The optimization problem of Lasso can be expressed in the following form: minimization: the square error term +λ Σ|β|. Wherein the square error term measures the difference between the model predicted value and the actual value, λ is the regularization parameter, and β represents the coefficient vector of the model. As λ increases, the optimization process may cause the coefficients of the partial features to gradually shrink to zero. This is because regularization term penalizes the absolute value of the coefficients, making the optimization process more prone to select fewer features and compress the coefficients of less important features to zero. Due to the influence of L1 regularization, the coefficients of certain features become zero, thus enabling feature selection. Features with non-zero coefficients are considered to be more important in interpreting the target variables and are therefore preserved. The mathematical expression of Lasso may be equivalent to the following formula:

the first half part in the formula represents the fitting of the original objective function, the second half part represents the punishment item of the parameter, the smaller the punishment coefficient lambda epsilon [0, + ], the smaller the punishment force of the model, the more the reserved characteristic variables, the larger the lambda, the larger the punishment force, and the more the parameter with the coefficient of 0. In a word, lasso can realize shrinkage and feature selection of model coefficients in an optimization process by introducing an L1 regularization term and adjusting a regularization parameter lambda, so that the aims of reducing model complexity and preventing overfitting are achieved.

Further, in step 3):

EBM model training process: the EBM model is an additive model that fits the features with a lifting tree model and looks for interaction term effects between the features. The personal credit data is input into an EBM model, single characteristics in the EBM model and second-order interaction characteristics in the EBM model are determined, output results of the single characteristics and output results of the second-order interaction characteristics are determined, and the single characteristics and the second-order interaction characteristics are added to obtain a final prediction result.

Identifying the second-order interaction characteristics of the EBM model specifically comprises the following steps:

the EBM model is characterized in that a lifting tree model is fused into a generalized additive model, and the EBM model structure is as follows:

wherein,is the main effect, sigma _i，j f _ij (x _i ，x _j ) Is a second order interaction effect, g (E (y|x)) represents how each feature affects the output of the model.

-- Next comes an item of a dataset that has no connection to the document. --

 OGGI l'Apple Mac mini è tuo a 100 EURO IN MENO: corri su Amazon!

Given any pair of features (x _i ，x _j ) Training the model to obtain a shape function f _ij (x _i ，x _j ) The corresponding individual feature has a shape function f _i (x _i ) Training a first part of parameters corresponding to the main effect as the main effect, calculating residual errors after the main effect of all the characteristics is trained, and training the interaction f by taking residual error reduction as a target _ij (x _i ，x _j ) A corresponding second partial parameter. If (x) _i ，x _j ) Has stronger correlation with the interaction f _ij (x _i ，x _j ) The residual error is greatly reduced.

Binary function f for each pair of features _ij (x _i ，x _j ) Screening by using a FAST (Features from accelerated segment test, an algorithm for corner detection) algorithm, and selecting a remarkable second-order interaction item; and linearly adding the output result of the single feature and the output result of the second-order interaction feature to obtain a final prediction result of the EBM model.

Further, in step 4):

in order to compare the prediction effect of the EBM model on credit risk assessment, 5 common comparison models, namely a decision tree, a K neighbor model, XGBoost, a logistic regression model and a random forest, are selected. Accuracy, recall, precision, and F1 score (i.e., F1-score) were used as criteria for the model.

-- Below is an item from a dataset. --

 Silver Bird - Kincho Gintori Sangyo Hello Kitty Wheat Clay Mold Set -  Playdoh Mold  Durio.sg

And when the credit risk is evaluated and classified, the borrowers are classified into different credit risk categories according to the prediction result of the EBM model. Meanwhile, the difference between the predicted value and the true value of the EBM model is evaluated, so that the predicted performance of the EBM model is evaluated, and a confusion matrix is commonly used for performance evaluation, specifically shown in the following table 1

TABLE 1

Accuracy rate:describing the proportion of all the correct judgment results of the EBM model to the observed values of the data set.

Precision ratio:describing that the EBM model prediction is Positive, the EBM model predicts the correct specific gravity.

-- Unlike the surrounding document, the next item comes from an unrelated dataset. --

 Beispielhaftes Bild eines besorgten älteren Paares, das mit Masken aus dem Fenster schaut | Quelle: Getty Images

Sensitivity:describing that the true classification result in the dataset is Positive, the EBM model predicts the correct specific gravity.

F1-score：Representing the average of the reconciliation of the precision and recall rates, with a maximum of 1 and a minimum of 0, with a closer to 1 representing better results. Wherein, recovery=tp/(tp+fn), TP represents True instance (True Positive), i.e. the number of samples that the model correctly recognizes as Positive instance; FN represents False Negative (False positive), i.e. the number of cases where the model erroneously identifies a sample that is actually a positive case as a Negative case.

Further, in step 5):

and analyzing the credit risk decision from the two angles of global interpretation and local interpretation according to the structural characteristics of the EBM model. Global interpretation is the interpretation of the EBM model results based on the feature variables in the dataset. Local interpretation refers to the prediction result for each input sample, analyzing which features and interactions it is affected by, and the extent and direction of the impact. The shape function f of each feature of the EBM model _u The weights of the single features and the second-order interaction features are calculated, and then the single features or the interaction features with the earlier importance are found by sequencing. For the calculation of the weight to be calculated, EBM model useMetric f _u Formula of->Regarded as f _u Is not considered in the EBM model, thus let E (f _u ) =0, then-> Therefore, after regularization of the data, the standard deviation is used as a weight to measure the importance of each item. Therefore, the credit risk assessment result is interpreted and analyzed, and information such as credit risk factors, credit risk trends, credit risk suggestions and the like of the borrower are output. The step 4) and the step 5) are in parallel relationship, and the result of the step 4) does not affect the step 5).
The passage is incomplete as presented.